+++ Data extract

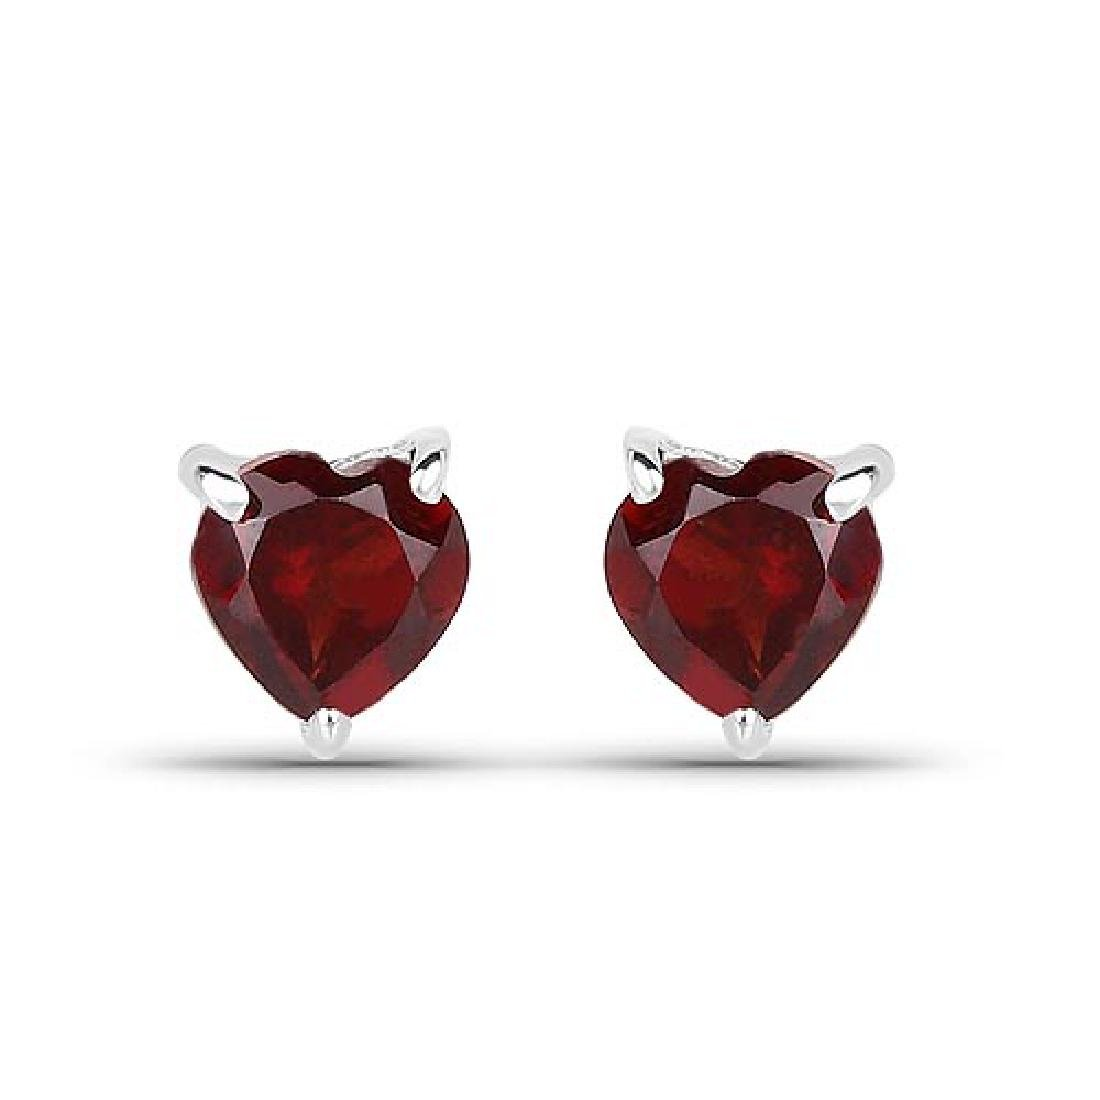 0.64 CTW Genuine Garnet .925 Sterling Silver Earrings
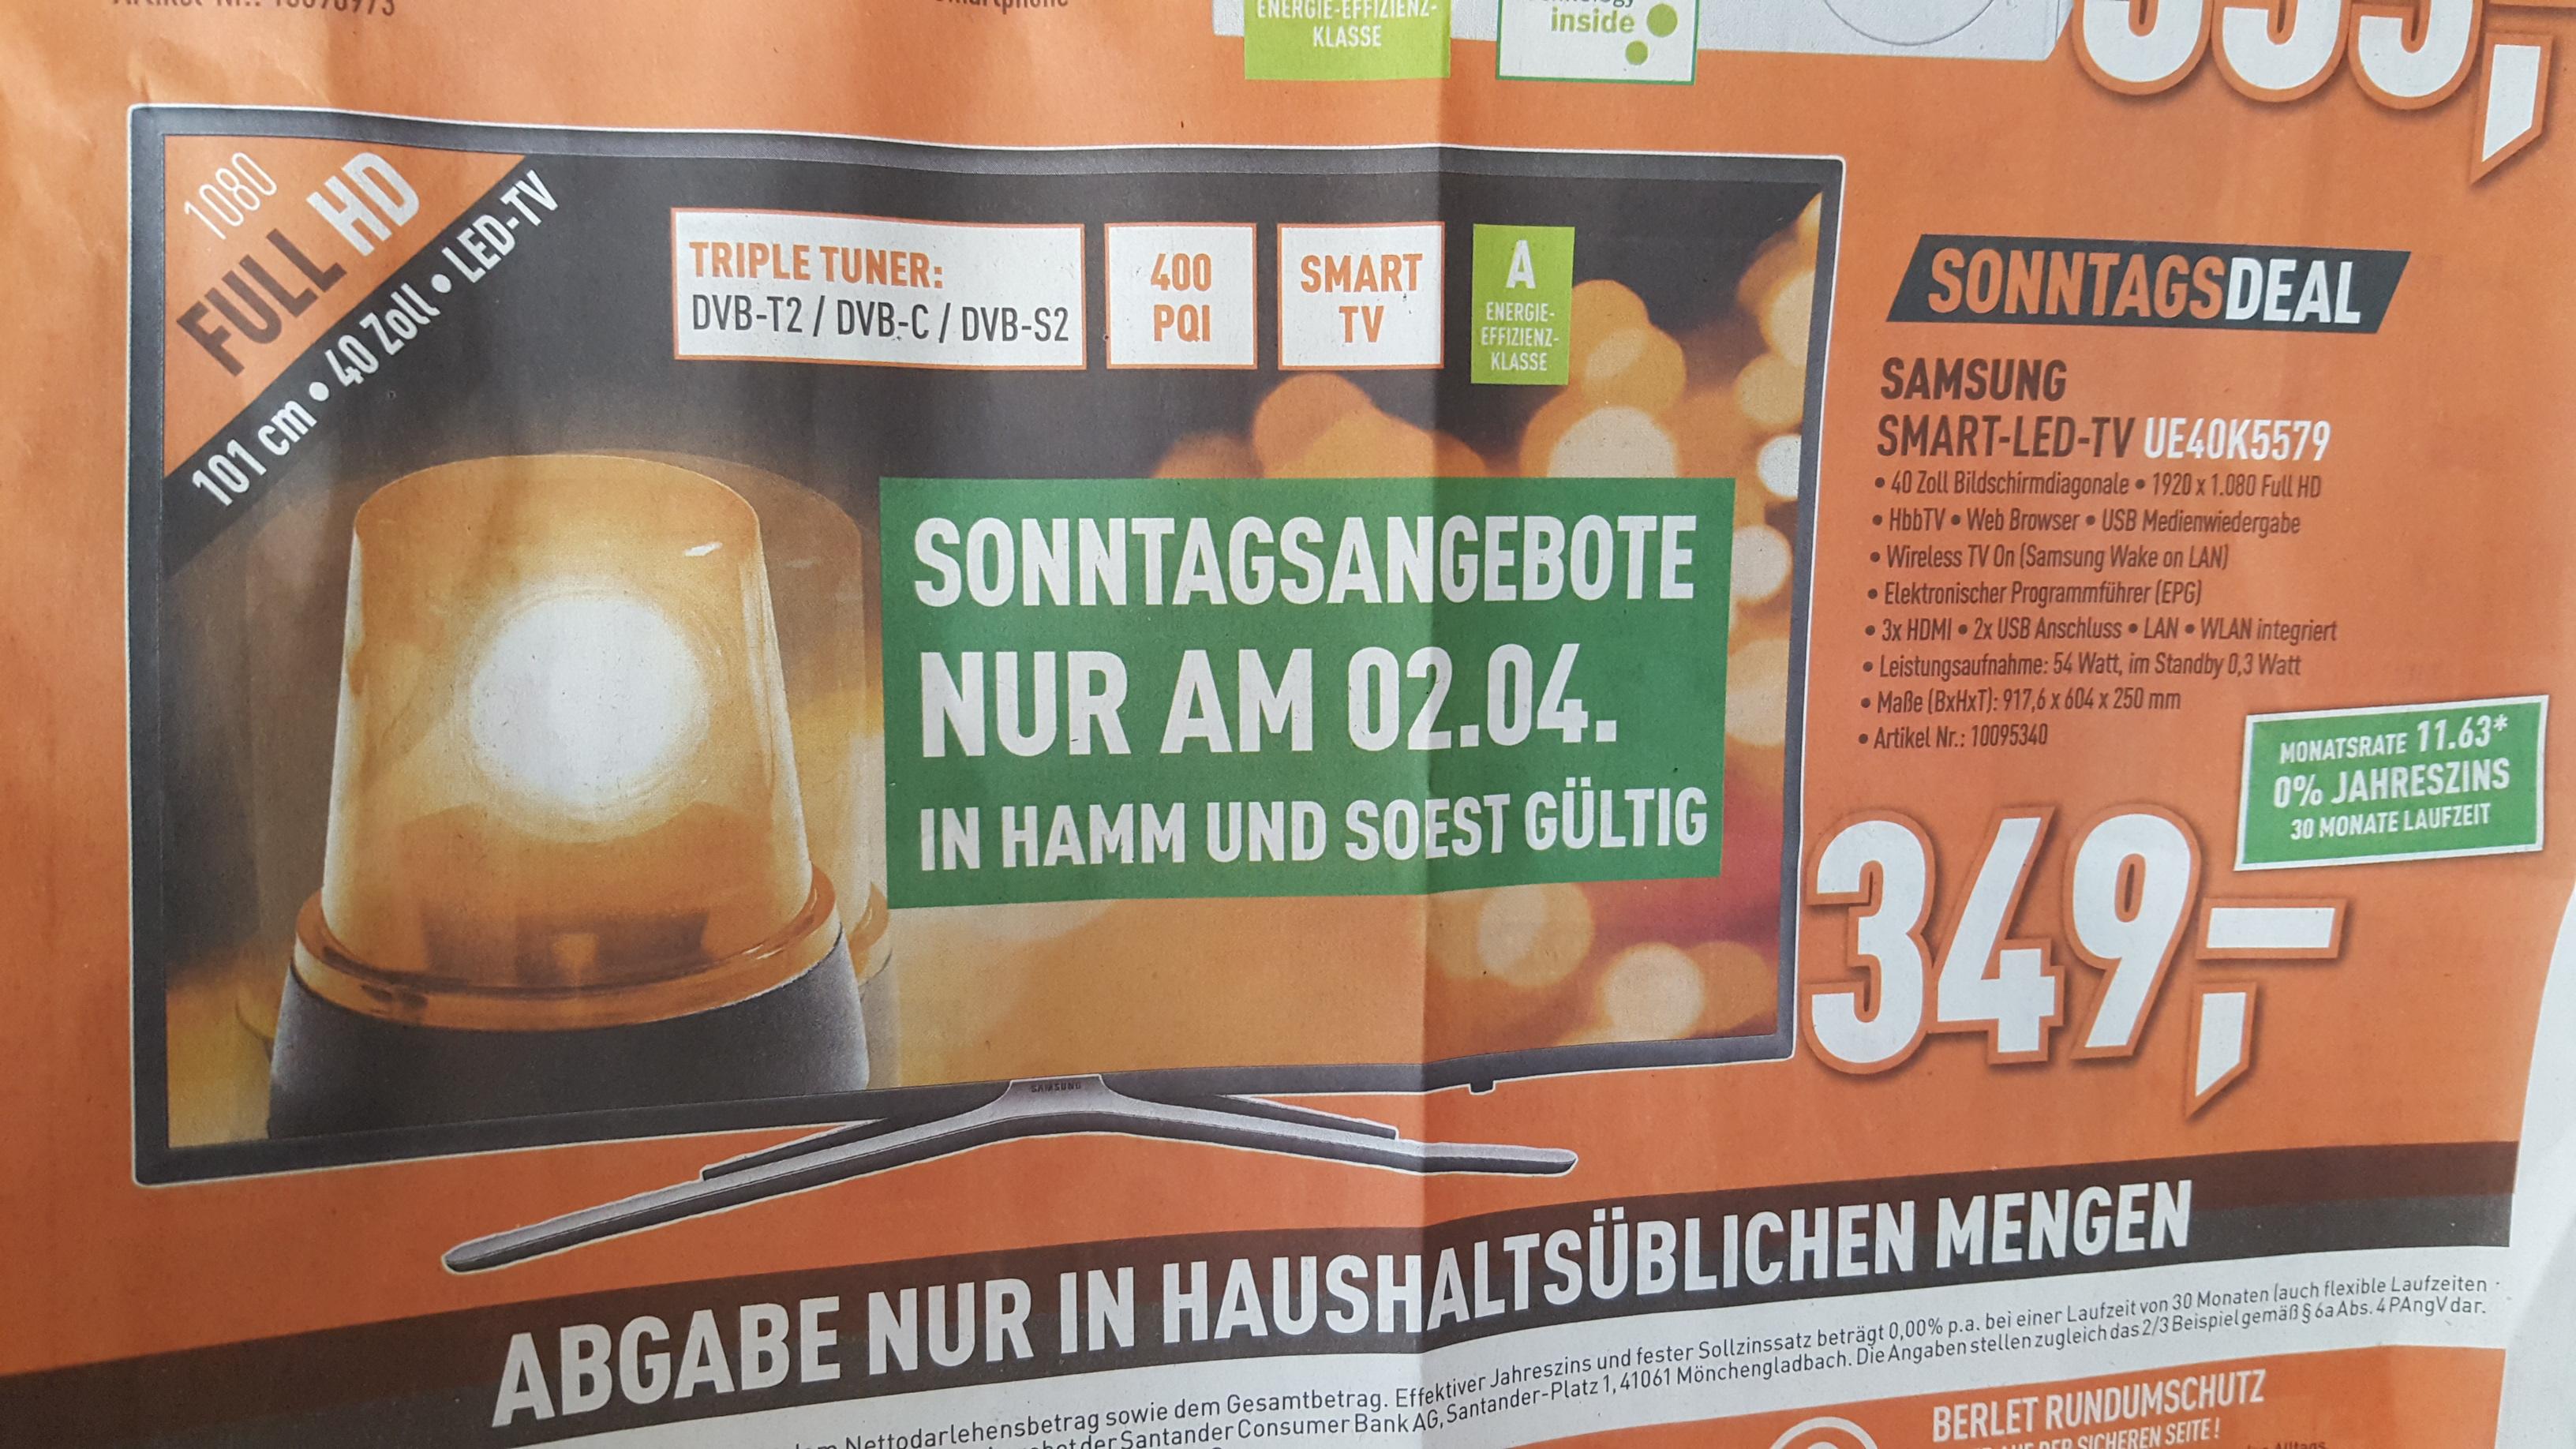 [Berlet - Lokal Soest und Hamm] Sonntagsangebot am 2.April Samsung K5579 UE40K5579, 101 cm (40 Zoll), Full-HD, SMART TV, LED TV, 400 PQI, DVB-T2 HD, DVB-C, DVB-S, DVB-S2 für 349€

++++++
+++ Data extract

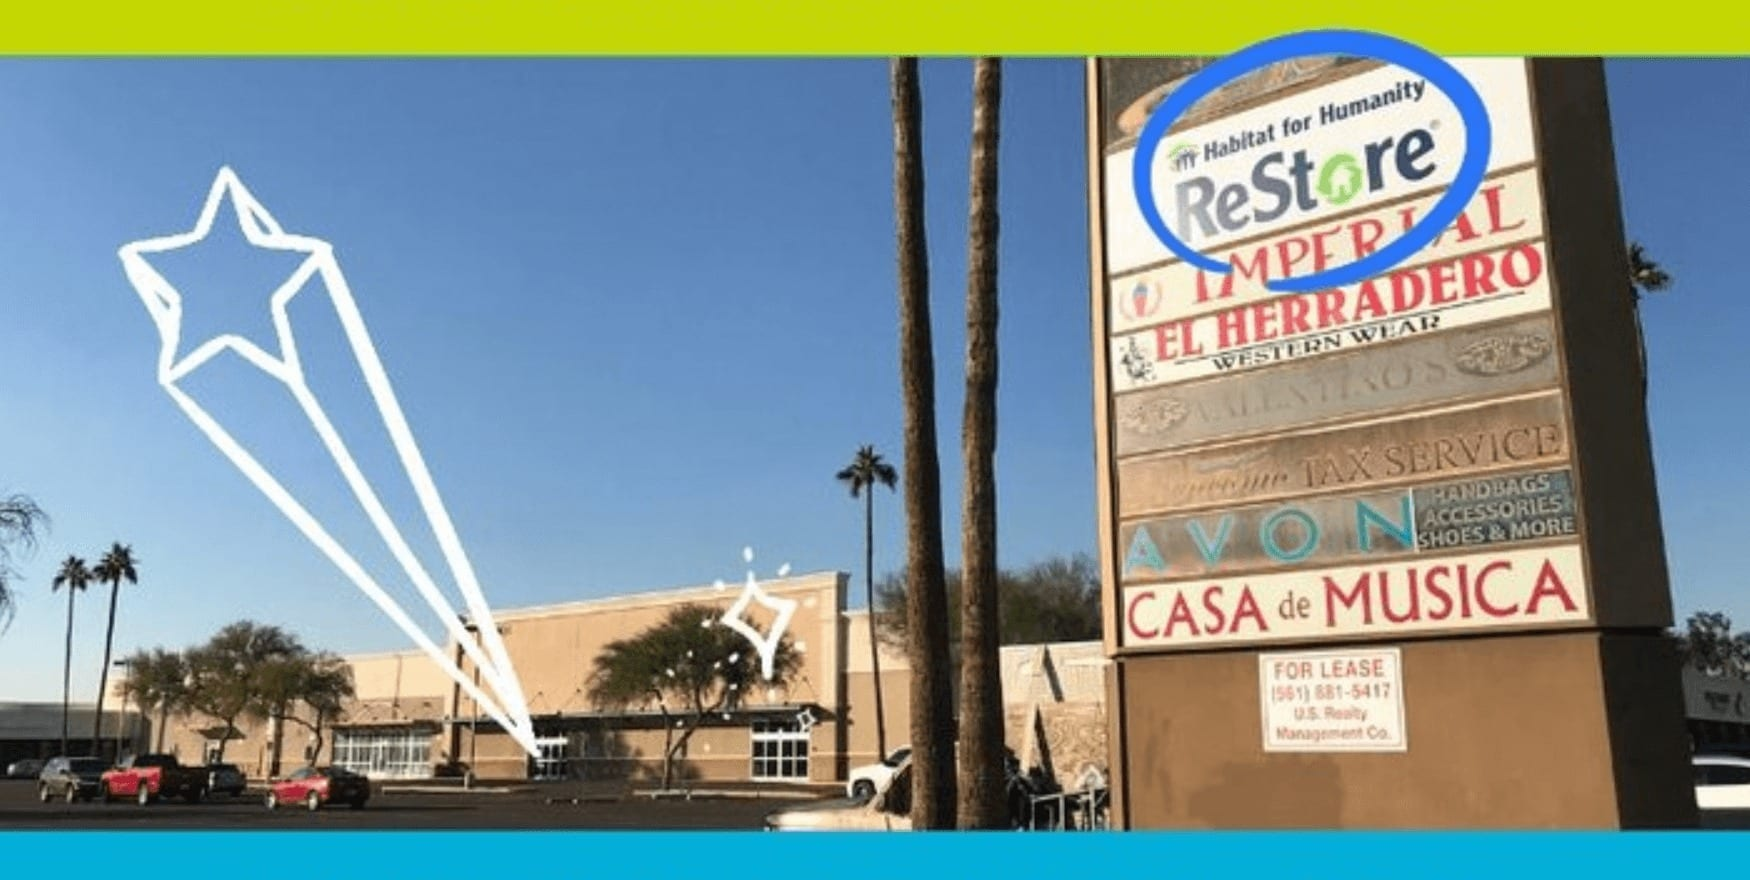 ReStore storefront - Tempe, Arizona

++++++

-- Exercise aim --
Although pictures appear among the records above, write out exactly only the lines from the one that has "0.64 CTW Genuine" through the one that has "[Berlet - Lokal", and leave the pictures out.

-- Task output --
 0.64 CTW Genuine Garnet .925 Sterling Silver Earrings
 [Berlet - Lokal Soest und Hamm] Sonntagsangebot am 2.April Samsung K5579 UE40K5579, 101 cm (40 Zoll), Full-HD, SMART TV, LED TV, 400 PQI, DVB-T2 HD, DVB-C, DVB-S, DVB-S2 für 349€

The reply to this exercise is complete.